- Work instructions:
Could you give the data below again exactly, apart from the pictures?

- Information shown:
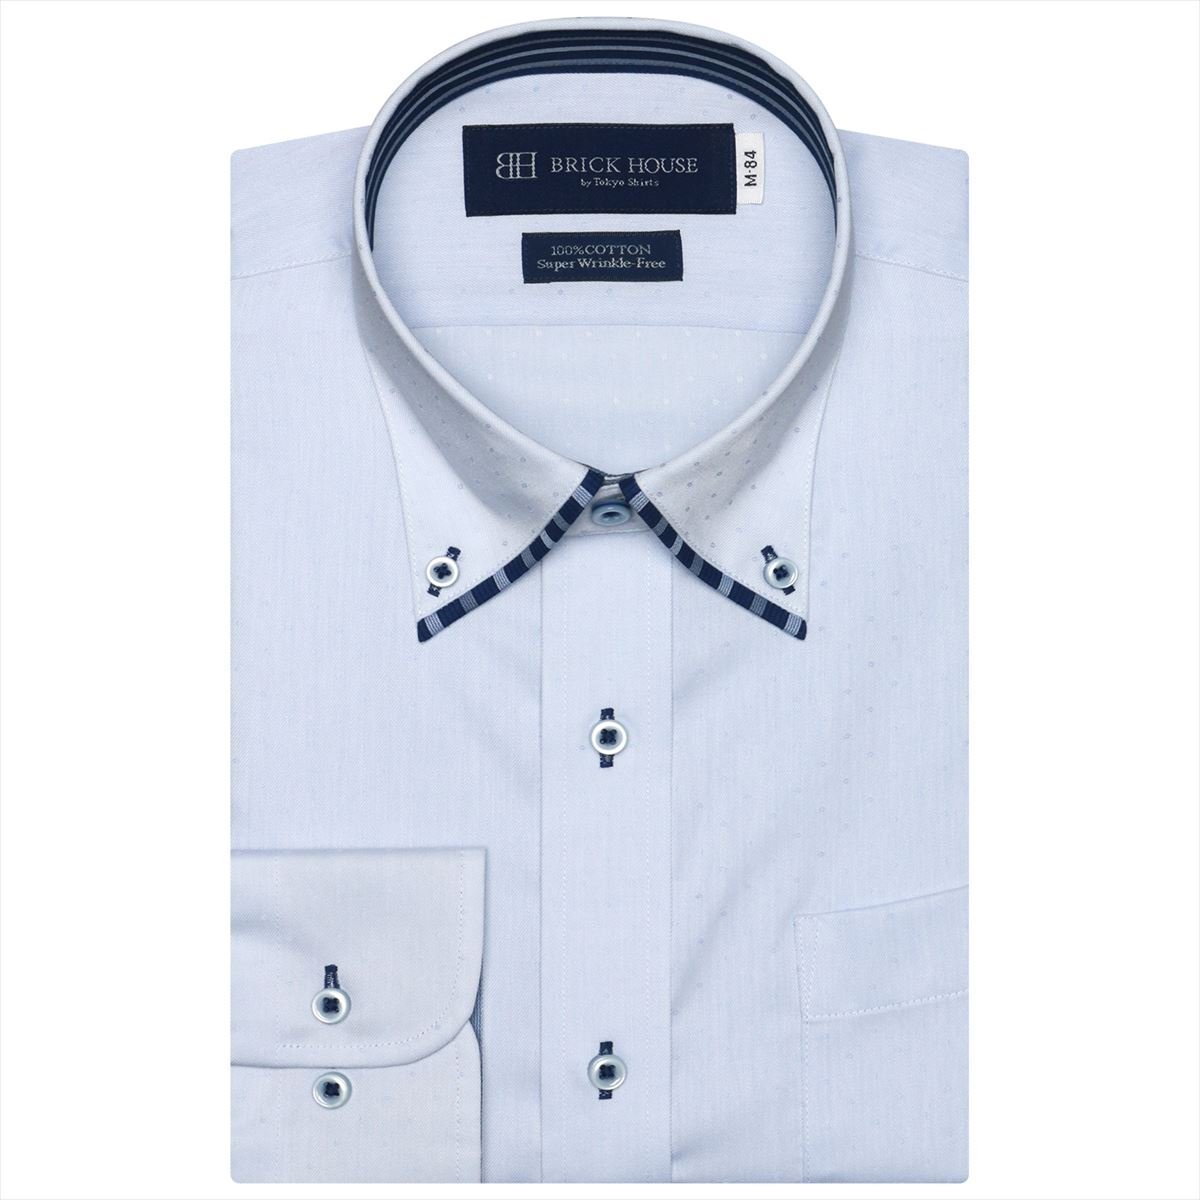 M) ボタンダウンカラー 長袖 形態安定 ワイシャツ 綿100 ご注文で当日
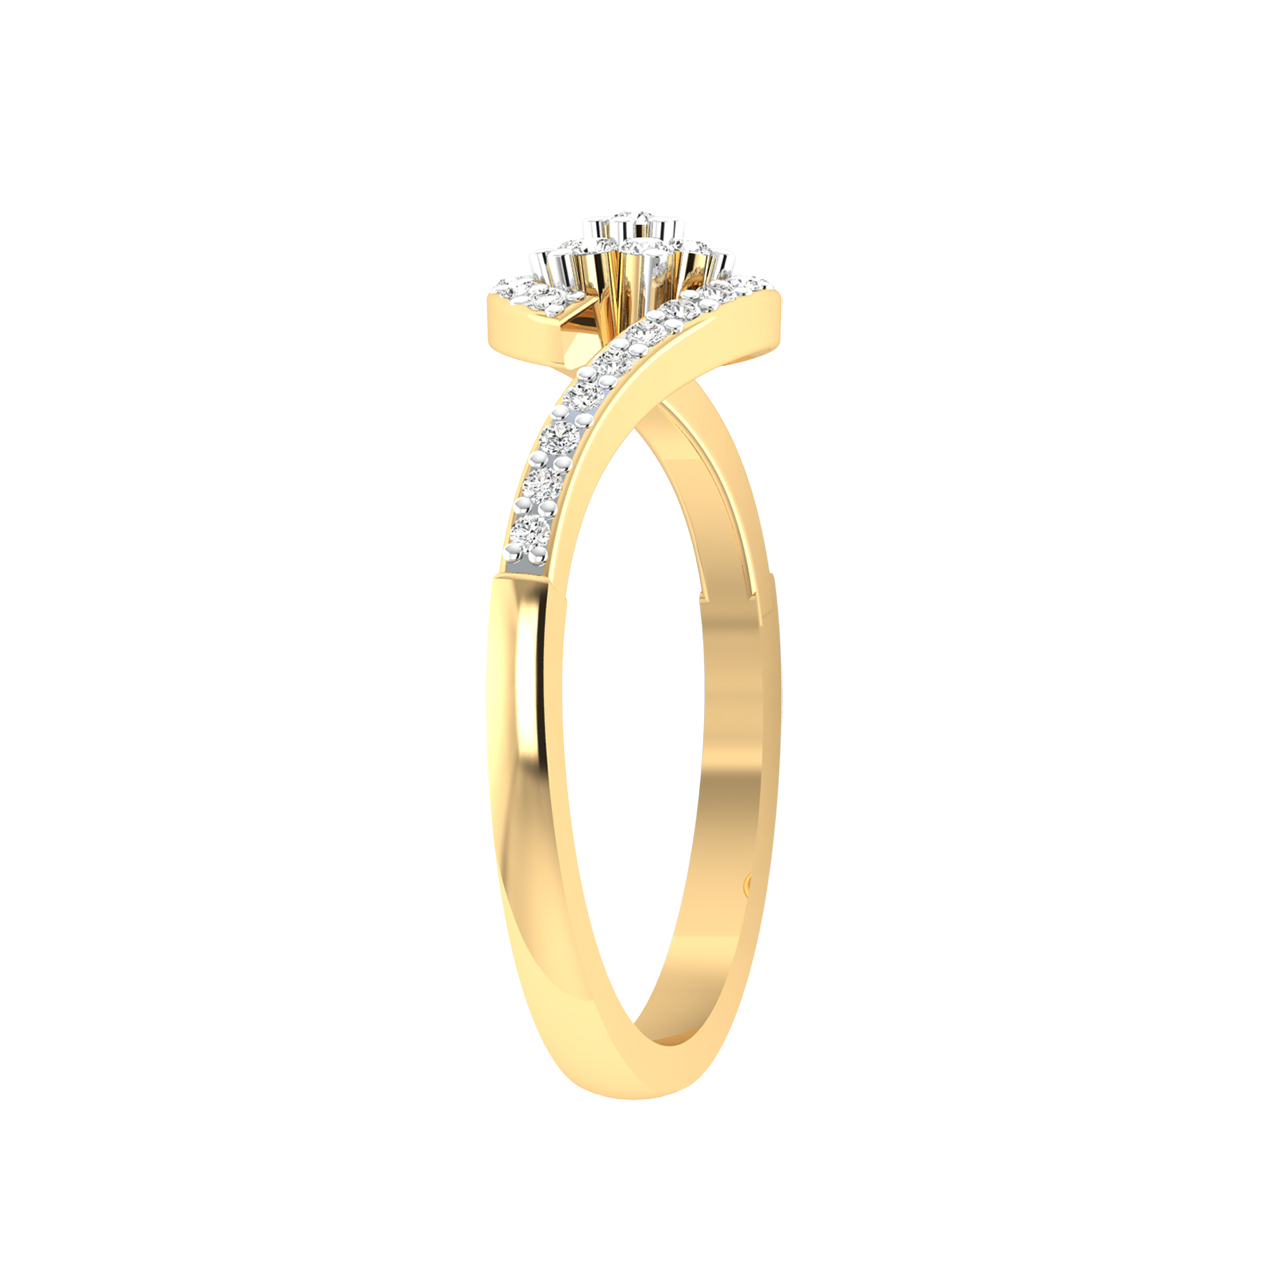 Reina Round Diamond Engagement Ring
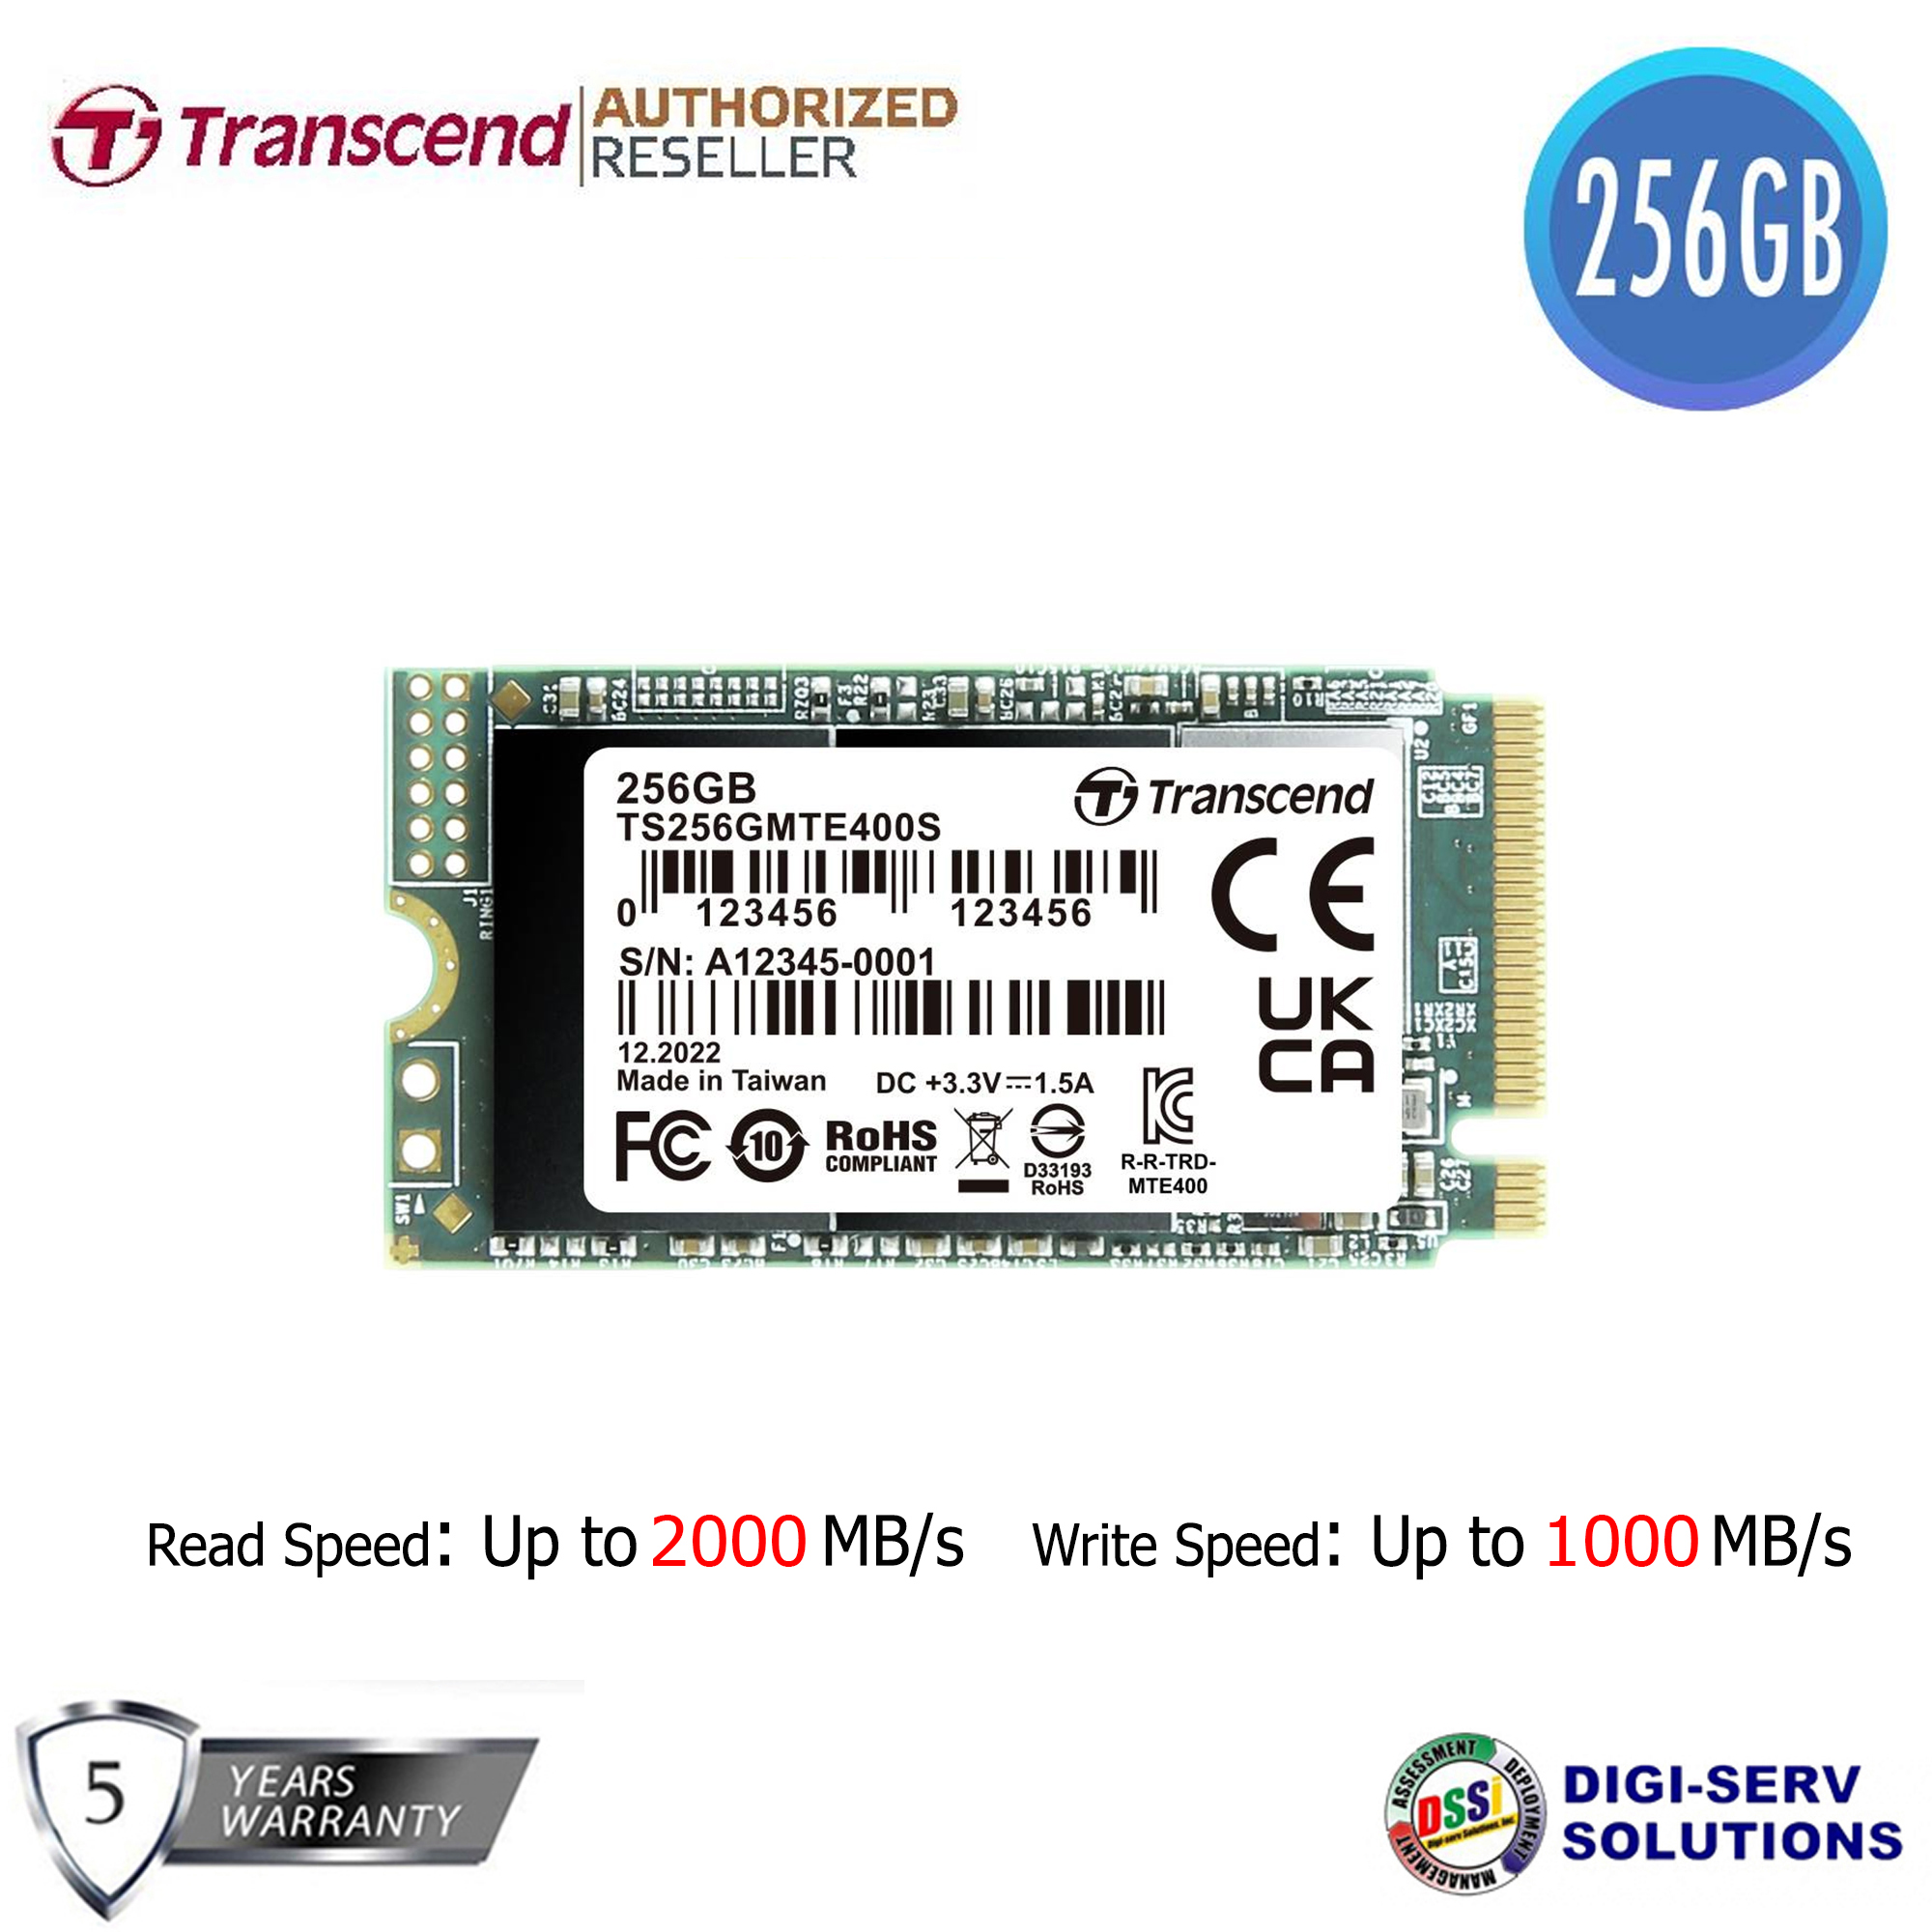 保証 Transcend SSD 256GB M.2 2242 SATA III 6Gb s TS256GMTS400

- Completed exercise:
 M) ボタンダウンカラー 長袖 形態安定 ワイシャツ 綿100 ご注文で当日
 Reina Round Diamond Engagement Ring
 保証 Transcend SSD 256GB M.2 2242 SATA III 6Gb s TS256GMTS400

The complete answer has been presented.